Vaccination continues to be the primary form of prevention against severe cases, hospitalizations, and deaths, especially among children, elderly people, pregnant women, and those with chronic diseases.
— Health experts cited in Cuiabá health department statement
The Hearth Conversation Another angle on the story
Inventor

Why are children under six accounting for more than 40 percent of all the cases?

Model

They're the most vulnerable age group—their immune systems are still developing, and they spend time in close quarters with other children. When vaccination rates are this low, the virus spreads through schools and daycare centers like wildfire.

Inventor

But the vaccine is available. So why isn't anyone getting it?

Model

That's the question nobody has a clean answer to yet.
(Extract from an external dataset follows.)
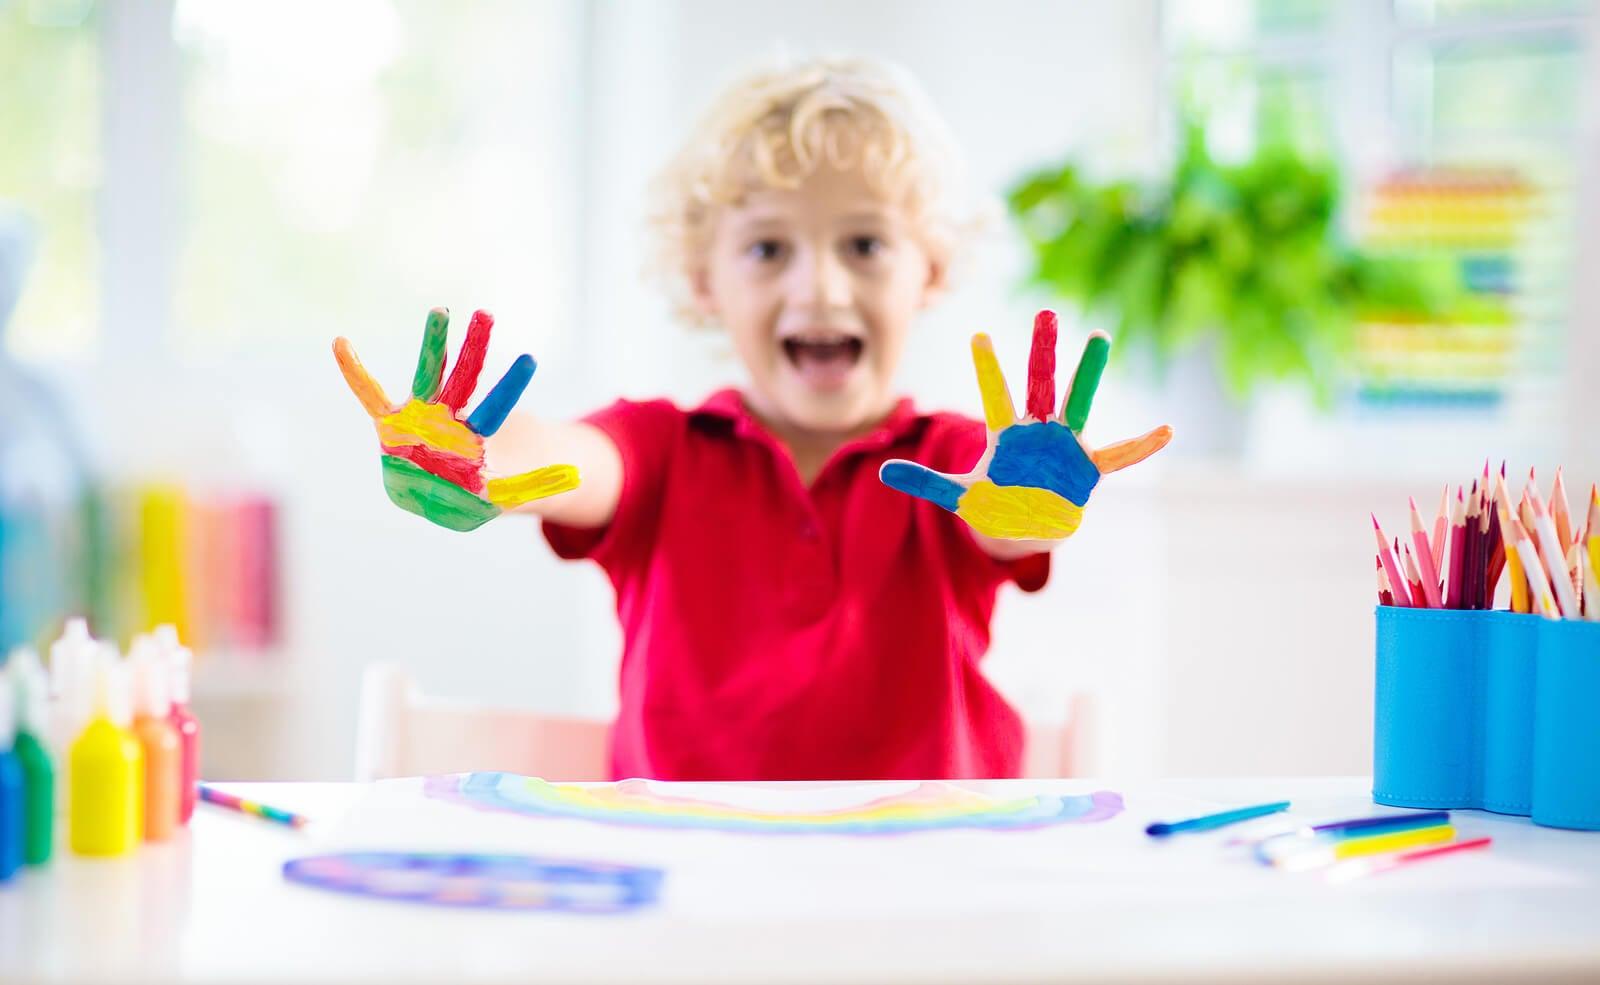 Niño jugando a pintar con los dedos.

Availability isn't the same as uptake. People might not understand the risk, or they might be skeptical, or they might just not prioritize it until someone they know gets sick.

Inventor

The elderly have only 36 percent coverage. Aren't they usually more cautious about health?

Model

You'd think so. But elderly people sometimes have mobility issues, transportation barriers, or they live in areas where the health posts are understaffed. And some may have heard conflicting information about vaccine safety over the years.

Inventor

What happens if this keeps climbing?

Model

Hospitals start filling up. The people who get severe cases—the ones who need oxygen, who need ICU beds—they start competing for resources. And some of them won't make it. That's not speculation. That's what happens when you have a 153 percent surge and vaccination rates in the 30s.

Inventor

Is there any sign the city is changing its approach?

Model

They've extended clinic hours and opened more posts in rural areas, which is good. But that's reactive. What's missing is a real public campaign explaining why this matters right now, in this moment, for your specific family.